Apart from many possibilities of BCI like medical research and biofeedback, it can also be used to improve cognitive performance. EEG is a voltage signal which measures the neural activity of the brain and this activity fluctuates according to cognitive activity and mental state [4]. Sezer et al. [5] used Support Vector Machine (SVM) to classify EEG signals to track attention and obtained an accuracy of 70.62%. Hassan et al. [6] devised a novel attention recognition model with advanced machine learning algorithms obtaining data using a single channel EEG device with accuracy of 89%. Certain disorders such as attention deficit hyperactivity disorders (ADHD) can be detected effectively with the help of BCI Technology [7]. ADHD is a neurobehavioral disorder which can cause lack of attention and focus, along with other issues in controlling normal behaviour [8]. Cho et al. [9] proved in their work that EEG biofeedback can be used to enhance attention in children suffering from ADHD. Another set of stakeholders of EEG-based attention detection is visually impaired students, with the difference that auditory stimulus should be presented to them, instead of visual stimulus [10]. Application of deep learning models in classifying EEG data is emerging in fast pace in recent years [11, 12]. Deep neural networks are widely used with high success rates in various areas like bioinformatics, medical imaging and health monitoring [13], especially in the recognition of mental states like Alzheimer’s disease [14] and depression [15, 16]. Toa et al. used deep learning to analyse brain signals, combined with eye-gaze for attention and obtained an accuracy of 92% [17].
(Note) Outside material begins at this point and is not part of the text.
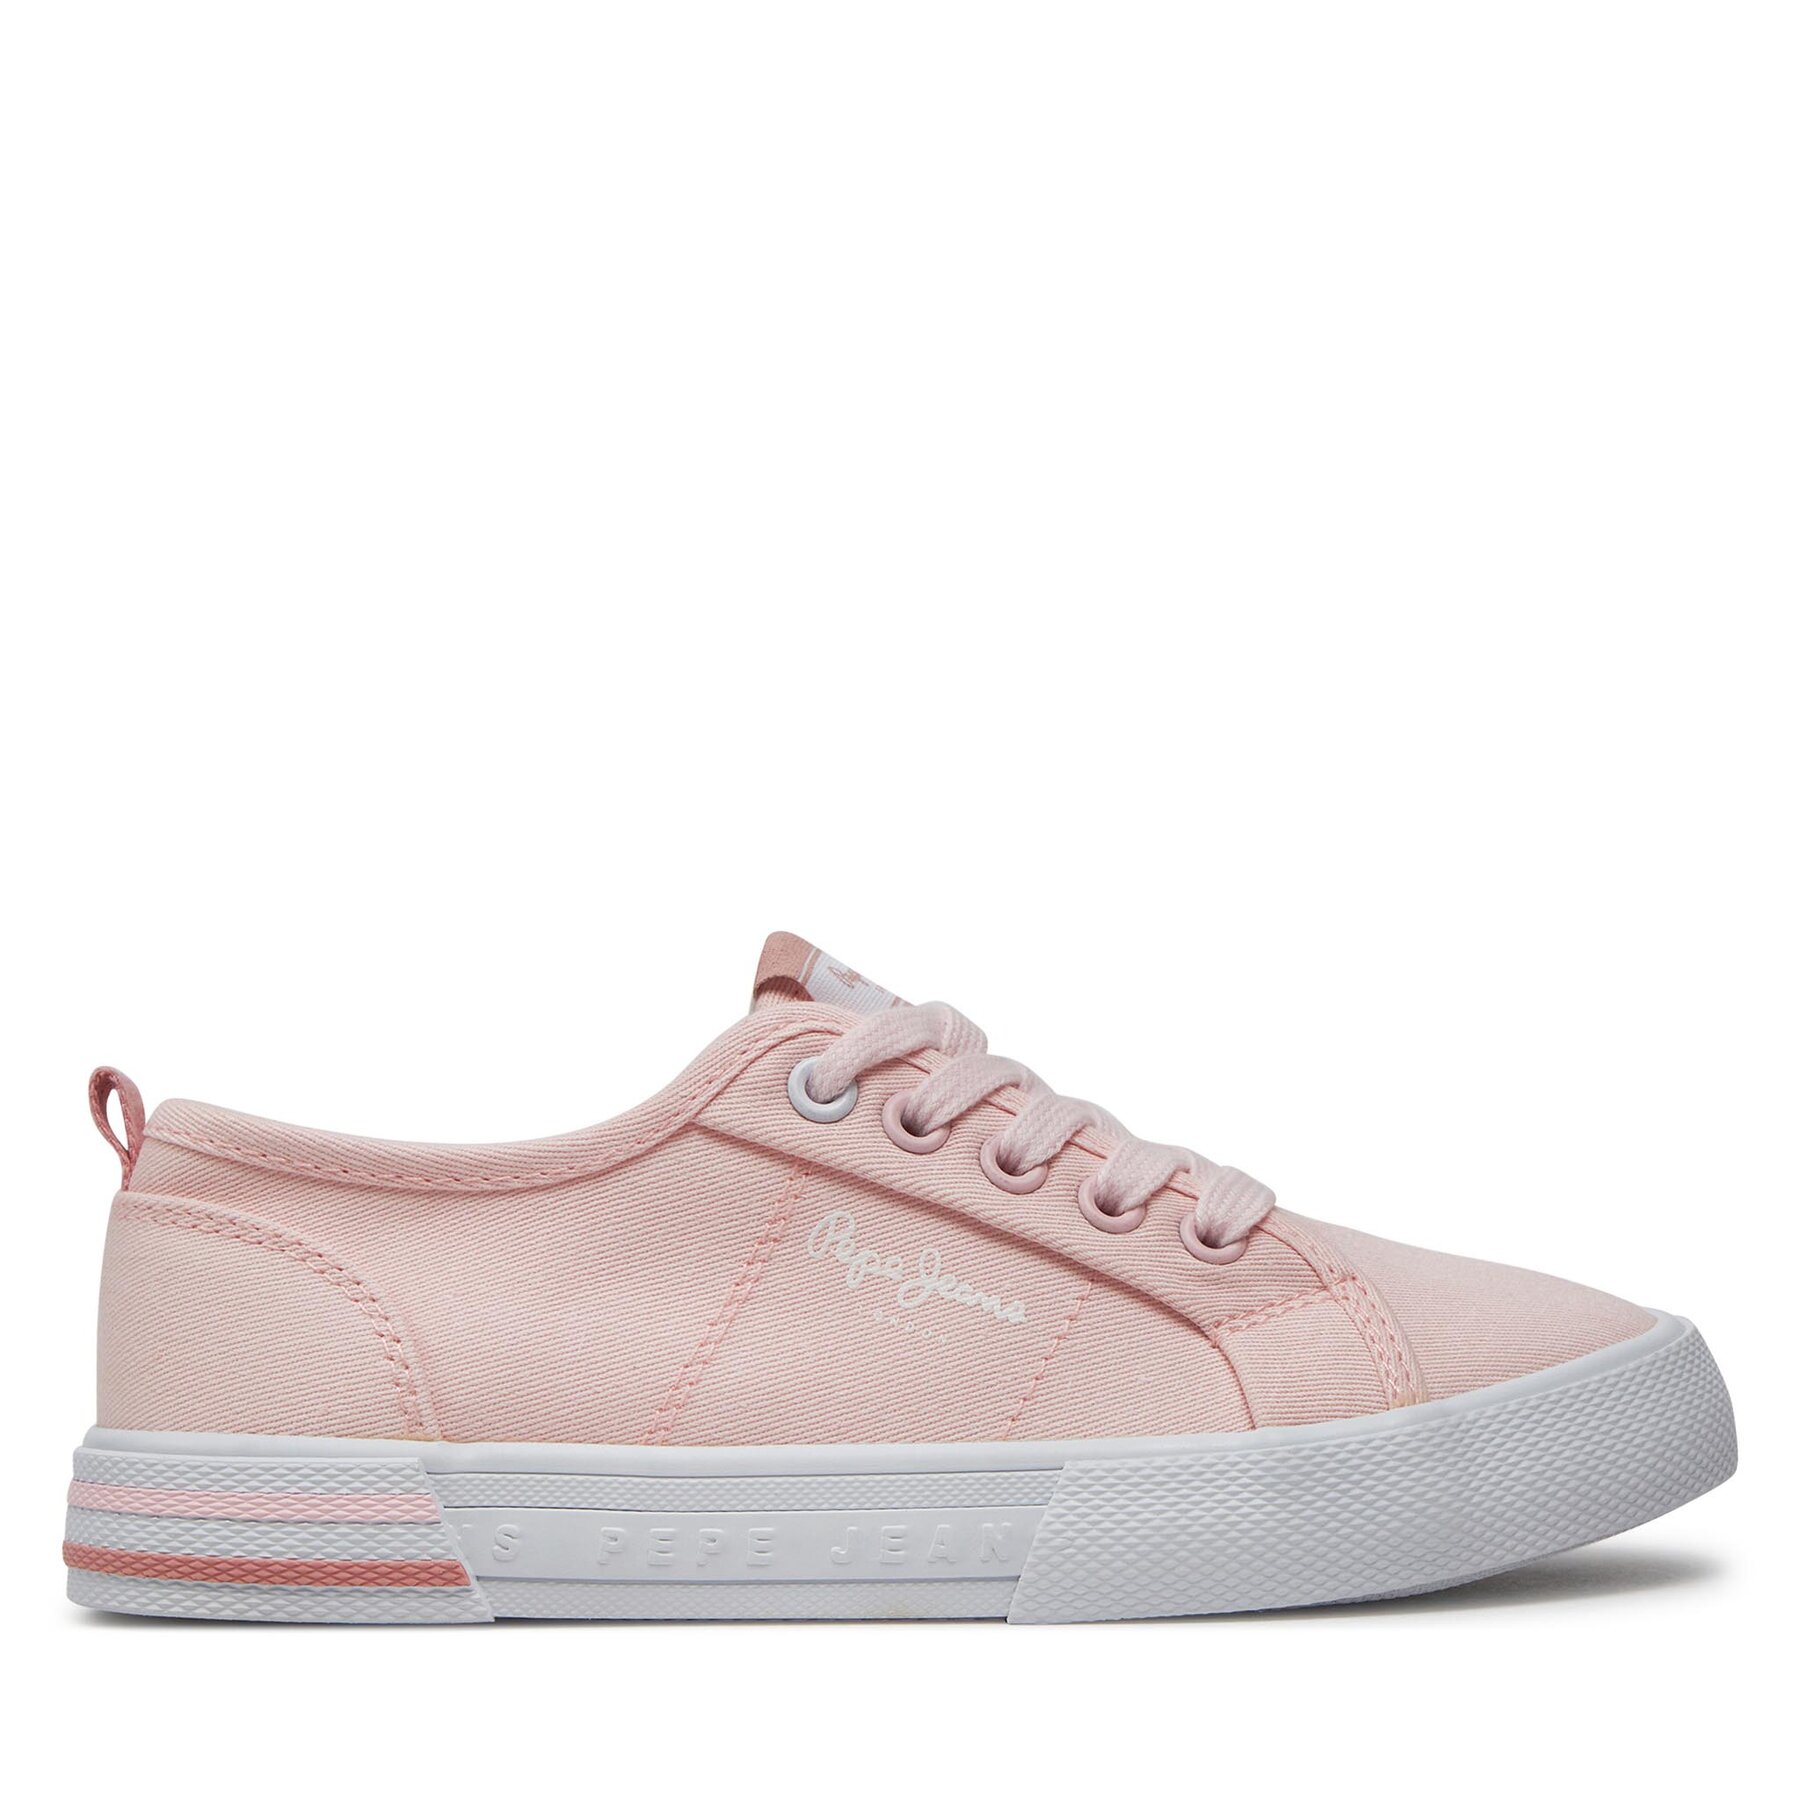 Sneakers aus Stoff Pepe Jeans Brady Basic G PGS30604 Rosa von Pepe Jeans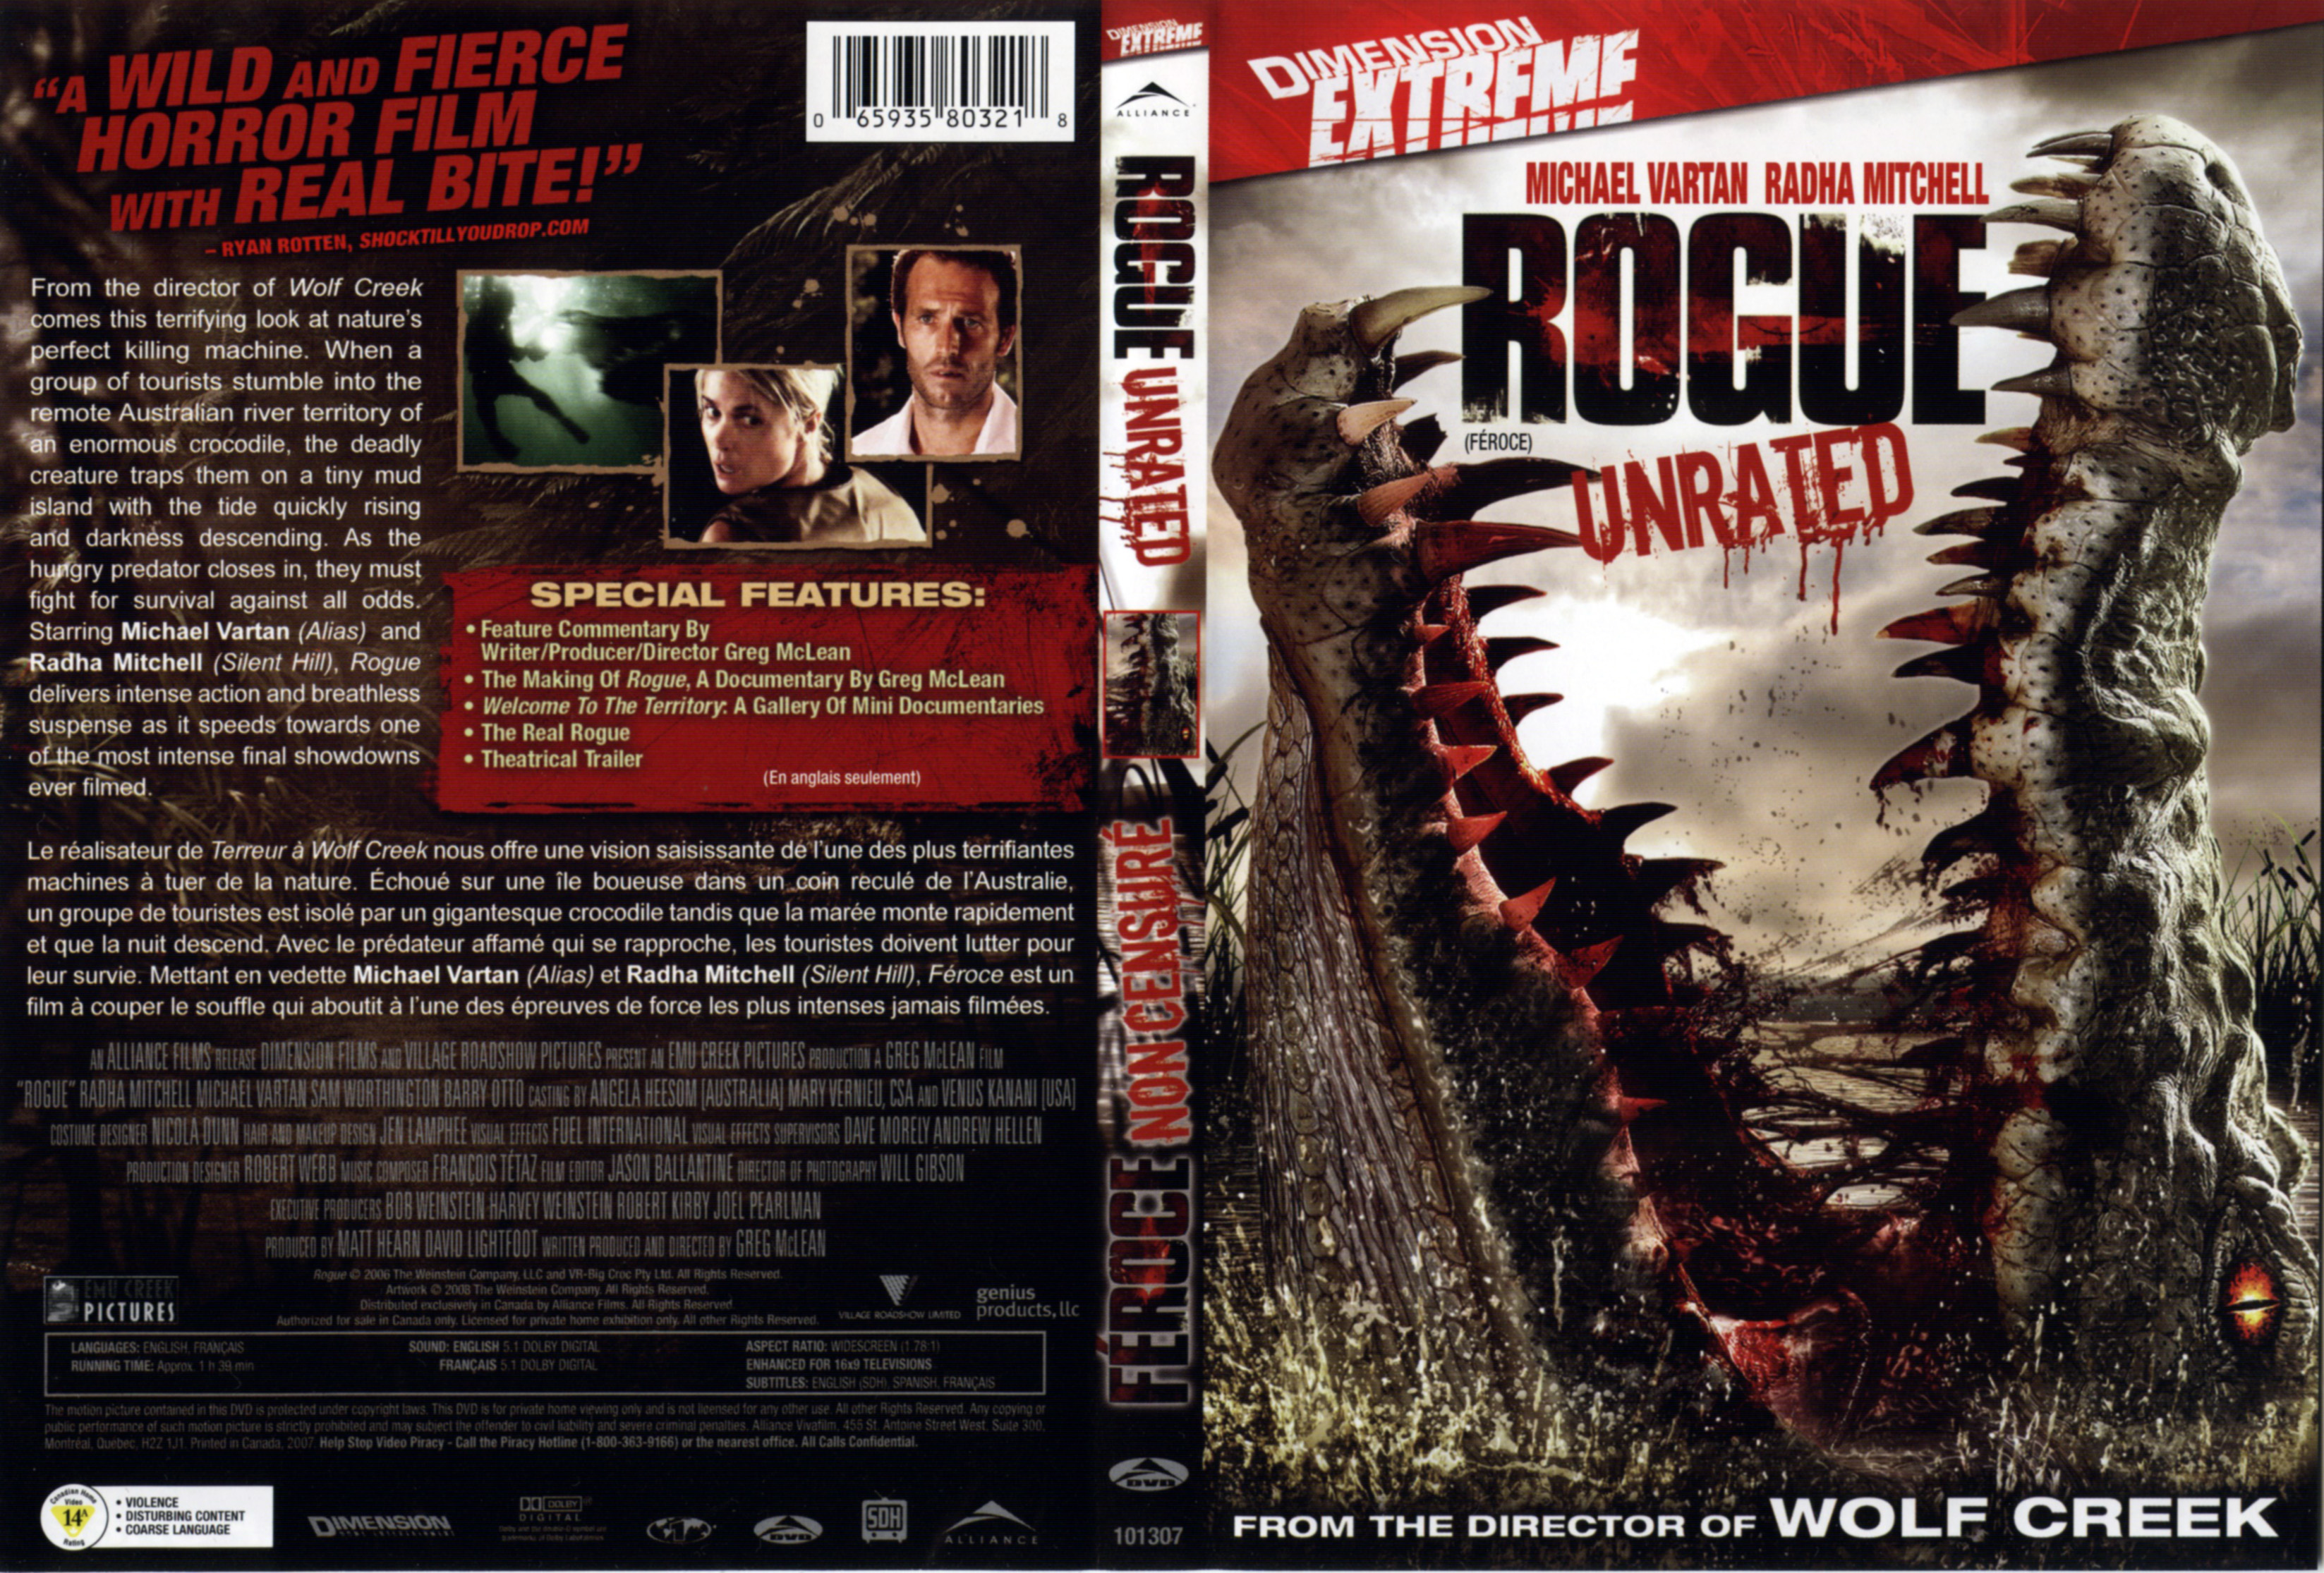 Jaquette DVD Rogue - Froce

In real-life, however, a change in attention is not necessarily associated with a change in eye gaze or head movement. Camera-based systems rely upon changes in facial expression for recognising a lack of attention. In many cases, the person’s attention may be lost even when there is no change in facial expression. On the other hand, another person may maintain a neutral expression even when highly attentive. BCI measures the signals directly from the brain, not considering eye gaze or facial expression for detecting the attention state. This gives an objective measure of attention. BCI-based systems can also account for individual variability in the manifestation of attention. In addition to that, when attention analysis is required in domains other than education, for instance, in medical research or rehabilitation, using face detection may turn up as a privacy breach. Hence there is a lack of research in exploring the possibility of considering brain waves alone for the development of an attention recognition model, without compromising the accuracy. Keeping that in mind, this research is devoted to the development of a deep learning neural network model for analysing the brain features in an advanced, effective and accurate way.

BCI will collect only the brain signals, and will not expose the face, surroundings or audio information of its users, unlike camera-based systems. It typically requires the consent and engagement of the user for its working. So, the users will have control over when and how the data are collected. This is a significant advantage over camera-based systems that may collect images or even videos, without the consent from the users. BCI-based systems are less susceptible to surveillance, because it primarily collects brain data and there are no cameras involved. Another advantage is that it is easy to anonymize brain data as it does not include facial or audio data of a person. This ensures the privacy of the users, especially in cases of medical and research settings. Another advantage of BCI is data minimization. BCI collects only specific brain signals; and therefore the overall data amount of data is less when compared to continuous video recordings.

The rest of the paper is organised as follows: Sect. 2 provides state-of-the-art studies in our research area. Section 3 provides the methods we have used to carry out the research. It provides the pre-processing techniques, feature extraction, dataset creation and the machine learning algorithms used in the study. Section 4 consists of the results.

2 Related work

In this section, a summary of previous studies in our research field is provided. This chapter is structured as follows: Initially, we present the various works in attention analysis. Then we discuss the use of machine learning in attention detection. The next sub-section presents some works which used BCI for the analysis of attention. In the final sub-section, we present the use of SSVEP BCI as a communication paradigm between humans and an external device, doing away with the conventional interactive methods such as keyboard or voice commands.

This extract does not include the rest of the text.